Folks, I’ve been discussing dashboards forever. I’ve consulted with dozens and dozens of clients on dashboards. And through all of that experience, I’ve discovered that dashboards kind of suck.

Don’t get me wrong, I understand the need for a succinct complication of performance on key indicators. It sure beats a 200 page slide deck. But in the race away from the lengthy tomes of the past, I think the pendulum swung too far. These days, the dashboard trend is to try to cram everything important onto a single page. I’ve done it for clients! Here’s one:

AIFSRCDashboard

I have taken many many clients to this place. And they generally feel good about the design. And then sometimes I’ll get the quietly concerned email from my fellow research nerds: Um, Stephanie? This looks elegant but we had major data collection issues in Q3 and that’s not obvious in the dashboard and I’m concerned that if the Board sees this they aren’t going understand the caveats.

Friends, these are legitimate concerns.

People are primarily driven by their eyeballs (haha, you thought I was going to say another body part but it really is the eyeballs). People want to look at the graphs and, if the graphs are strong on design and readily understood, people are going to take actions based on the graphs.

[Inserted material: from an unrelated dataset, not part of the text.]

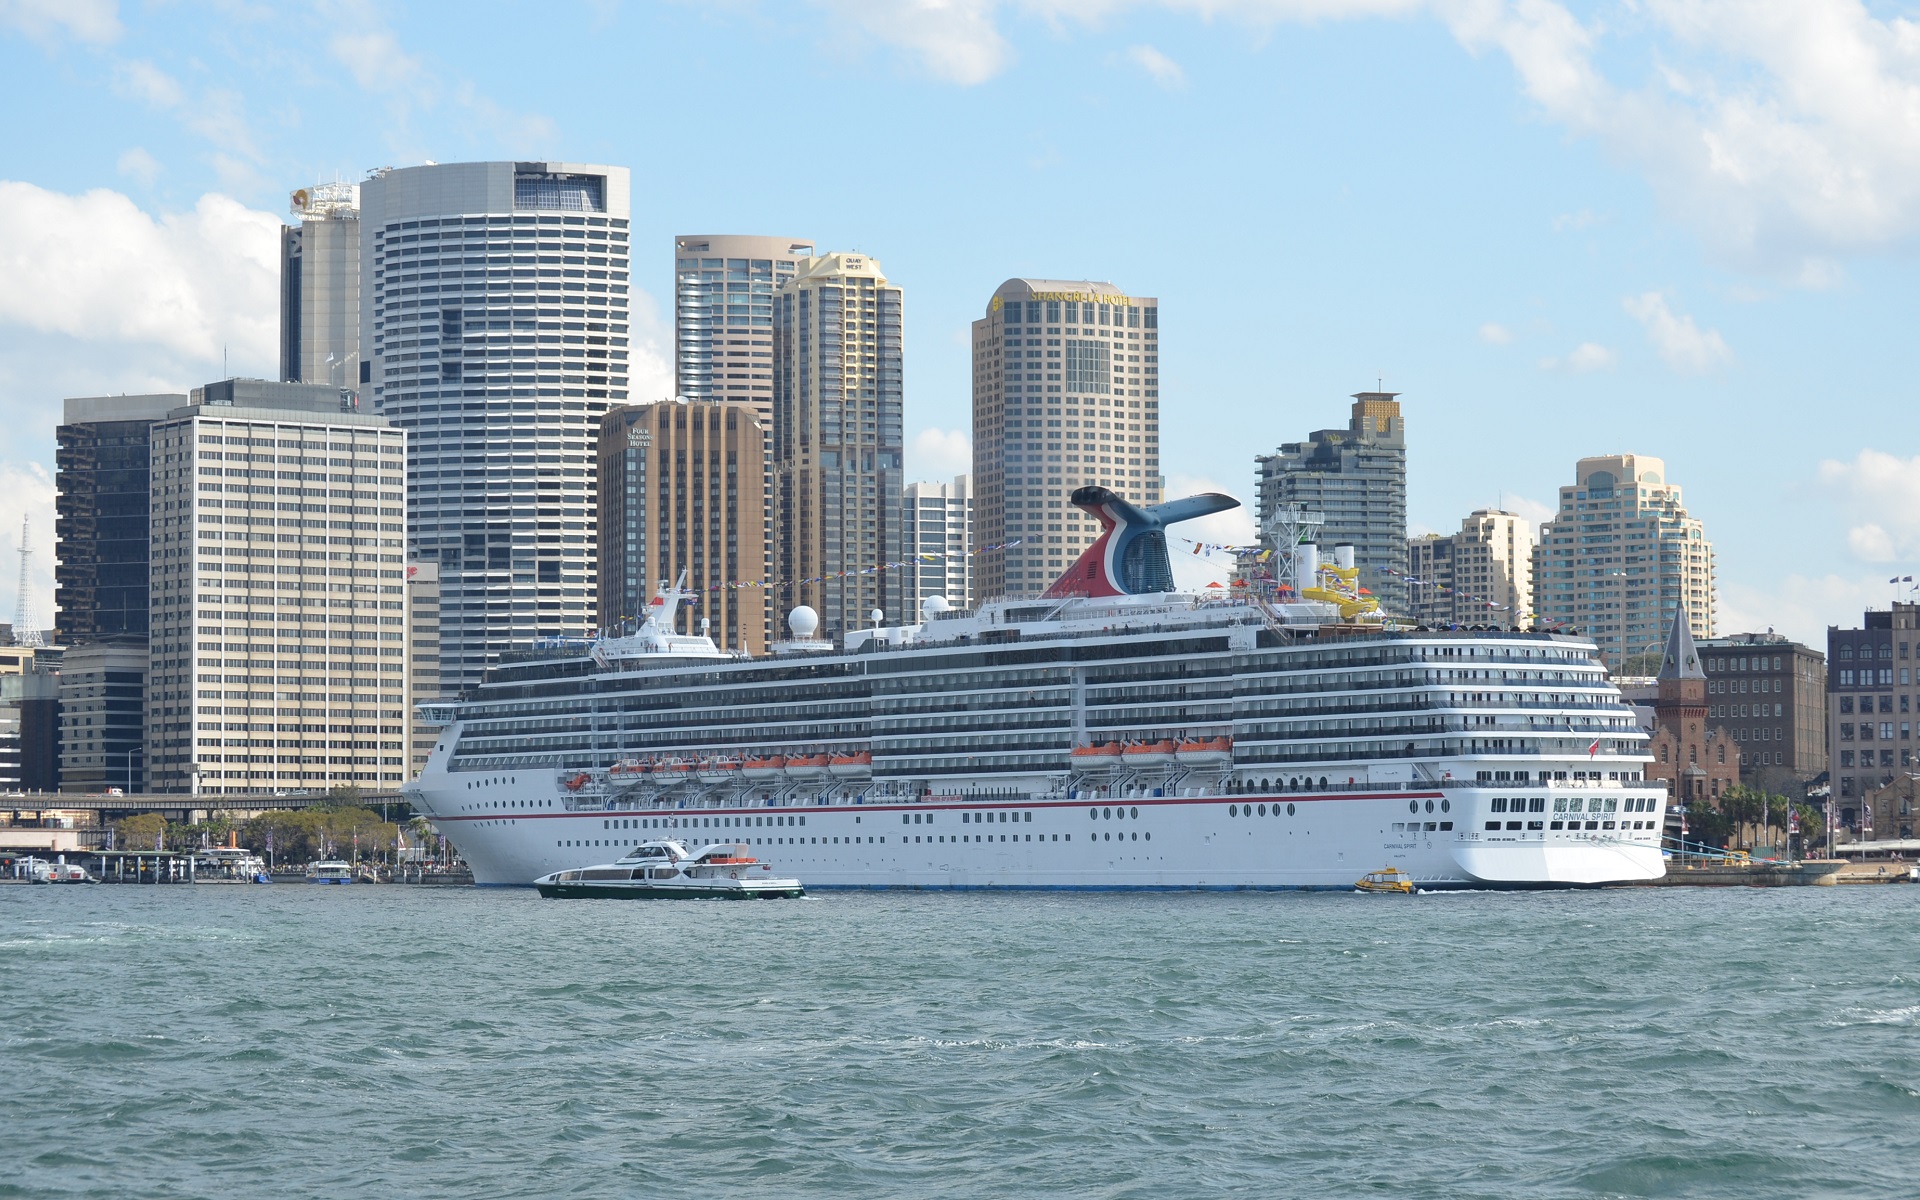 vehicles, carnival spirit, australia, boat, building, city, cruise ship, ship, sydney harbour, sydney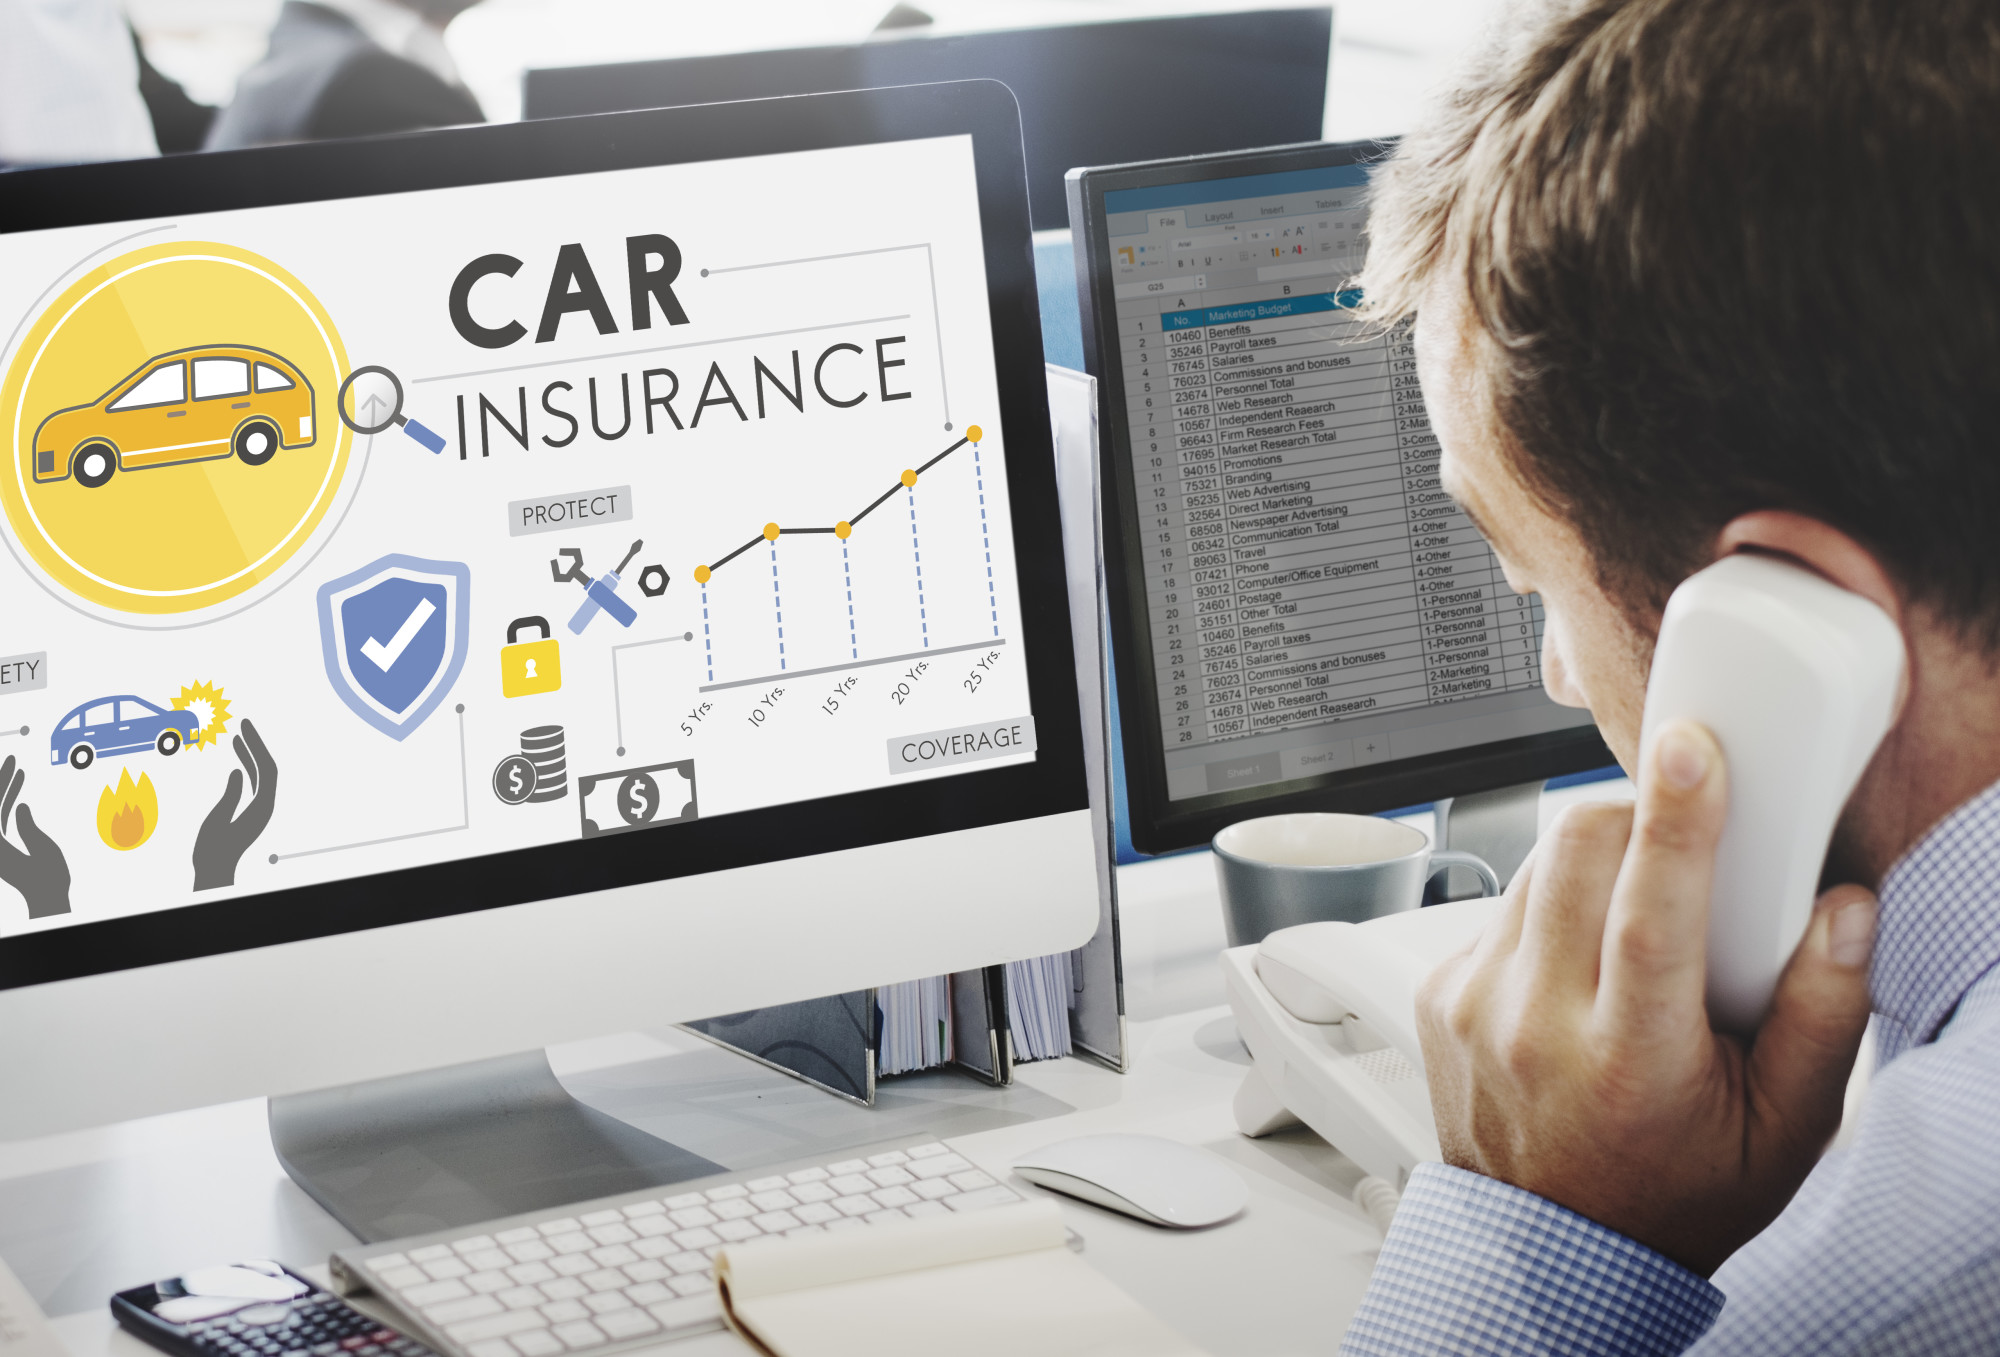 Auto Insurance Basics A Beginner's Guide to Auto Insurance Go Motors

And this is when the research team freaks out. What about the context? What about how the measurement on this metric changes three times? Yikes, please don’t make decisions off of this quite yet.

But the modern conceptualization of a dashboard leaves little room for those extremely important narrative points of interest. This is the downfall.

As opposed to a single-paged dashboard, let us loosen up to a dashboard report. Awhile ago I edited a journal article written by my friend Veronica Smith, where she outlined the difference. Where a dashboard is a single page of visualized metrics, a dashboard report is a multi-page document with one or two visualized metrics per page and healthy room for narrative. It’s the pendulum swinging back toward the middle, but not nearly so far as those 200 page text heavy doorstop reports. Here’s one page from a dashboard report I produced with some long term clients, the Oregon Health Authority:

Figure10.1_OHADots

You can see we are reporting 2 metrics here and they are accompanied by a text box that holds helpful explanation. It isn’t a burdensome amount to read; it doesn’t even fill up the left hand side of the page. But it gives the research team enough space to say their piece and feel comfortable sending the data off to the decision-makers.

If you are feeling a little too restricted by the current dashboard trend, try a dashboard report. You’ll emphasize the metrics with some high quality visualizations and add a tiny bit of narrative so you can sleep well at night.